A ONU (Organização das Nações Unidas) prevê, para este ano, expansão econômica nacional em 0,6%, de acordo com o relatório "Situação Econômica e Perspectivas 2017", sua principal publicação em tendências de economia global. A expectativa é que o Brasil tenha 2,7% de participação nos resultados mundiais, ocupando a quinta posição mais tímida na lista dos 43 países emergentes, ficando à frente apenas de Síria (-5%), Venezuela (-3,7%), Colômbia (0,5%) e Trinidad e Tobago (0,5%).

É nesse contexto de cautela que a população procura alternativas para investir no sonho de abrir o próprio negócio e também ressignificar a maneira para obtenção de renda. De acordo com pesquisa realizada pela Global Entrepreneurship Monitor (GEM 2017) para a América Latina, o Brasil é o segundo país em que a sociedade enxerga no empreendedorismo um caminho a ser trilhado como carreira.

Novas relações comerciais

"Nos últimos anos estamos presenciando uma revolução drástica no comportamento do consumidor: há uma mudança do mundo físico para o mundo virtual em termos de relações comerciais. Vemos uma parcela significativa de jovens que não queriam empreender optando por isso. Mesmo aqueles que estão cursando nível superior veem essa imersão como uma alternativa muito positiva", afirma Wilson Linz, professor do curso de Administração da Universidade de Fortaleza e consultor empresarial.

Planejar é importante

O planejamento e a priorização da oportunidade, mais que a necessidade, são fatores relevantes durante a abertura de uma empresa. Procurar consultoria realizada por profissionais especializados ainda na etapa inicial, quando a ideia é transformada em plano de negócio, e também nas etapas subsequentes ao gerenciamento do projeto, são meios que colaboram para um retorno positivo.

"Empresários que obtiveram sucesso no seu empreendimento planejaram por mais tempo, e com mais qualidade, cerca de 11 meses. Na gestão, é importante investir na mão de obra, atualização tecnológica e aperfeiçoamento de produtos com frequência. A excelência na formação dos colaboradores e gestores, inovação e diversificação em negociar com fornecedores revelam uma postura proativa que se antecipa às dificuldades inerentes ao mercado", afirma Ricardo Eleutério Rocha, vice-presidente do Corecon-CE (Conselho Regional de Economia do Estado do Ceará) e analista econômico.

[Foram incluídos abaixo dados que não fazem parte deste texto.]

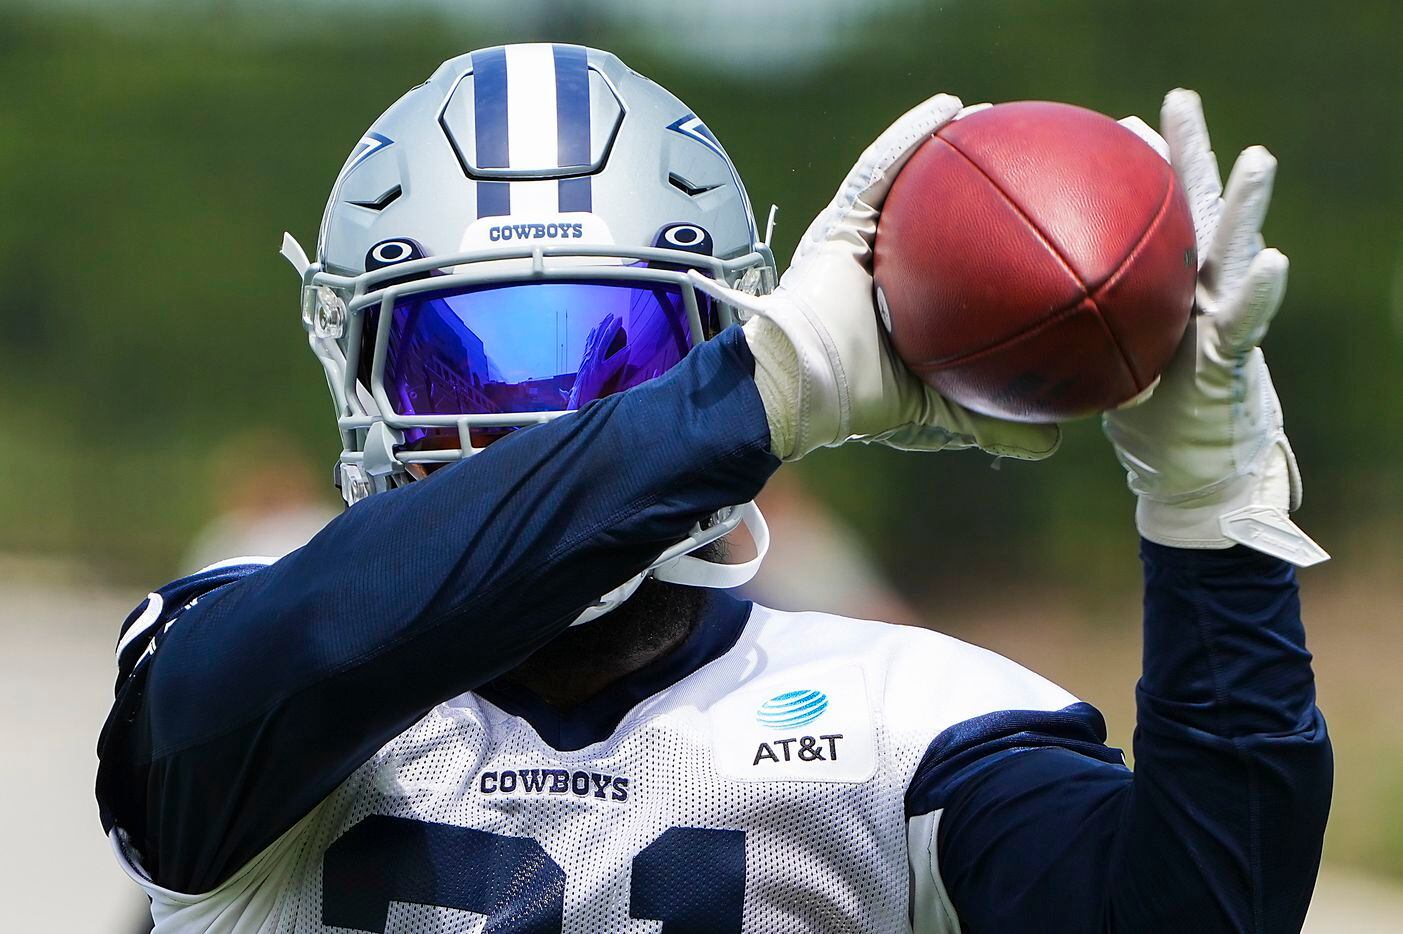 Dallas Cowboys running back Ezekiel Elliott catches a pass during a minicamp practice at The Star on Tuesday, June 8, 2021, in Frisco. (Smiley N. Pool/The Dallas Morning News)

Para que um empreendimento possa exercer sua atividade, seja ele loja física ou virtual, é também necessário ter registro na Prefeitura ou na administração da cidade onde ele irá funcionar, no Estado, na Receita Federal e Previdência Social.

Instituições como Sebrae e Senac auxiliam micro e pequenos empresários na ampliação e desenvolvimento de habilidades para melhor administração através de cursos de capacitação e esclarecimento de dúvidas sobre finanças.

Segundo Rogério Nicolau de Barros, coordenador do EGES (Escritório de Gestão Empreendedorismo e Sustentabilidade), iniciativa da Universidade de Fortaleza que oferece serviço de assessoria e orientação nos planos de desenvolvimento para a comunidade acadêmica que planeje empreender, "os ramos de alimentação, prestação de serviço, produtos ou serviços para a terceira idade são algumas das áreas que estão em ascensão, mesmo assim é necessário não ficar refém do sucesso sem inovar ou mesmo deixar de promover a fidelização do seu público-alvo", enfatiza.

O investimento na comunicação como canal de aproximação entre estabelecimentos comerciais e seu público é uma prática inovadora que ganha cada vez mais solidez por proporcionar, através das mídias sociais, a compreensão das necessidades e satisfação dos clientes, além de indicar oportunidades.

"As redes sociais ajudam muito. Hoje temos diversas ferramentas gratuitas que podem gerar informações fundamentais para analisarmos o comportamento do mercado. O próprio Facebook e Instagram se moldaram para atender o empreendedor. Podemos analisar desde horários de picos, ao que nosso público mais gosta de ver, assim como impulsionar publicações para quem queremos atrair", declara Ana Lima Rema, proprietária do restaurante Casa da Ana Massas.

O mercado cearense

No Ceará, o setor de serviços é responsável por 73% da riqueza gerada para todo o Estado, a indústria responde por 23% e agropecuária contribui com 4%, o que torna o primeiro mais expressivo e dinâmico, colaborando para que novos empresários arrisquem nele com mais interesse, mas também reconheçam as dificuldades que podem surgir devido à concorrência.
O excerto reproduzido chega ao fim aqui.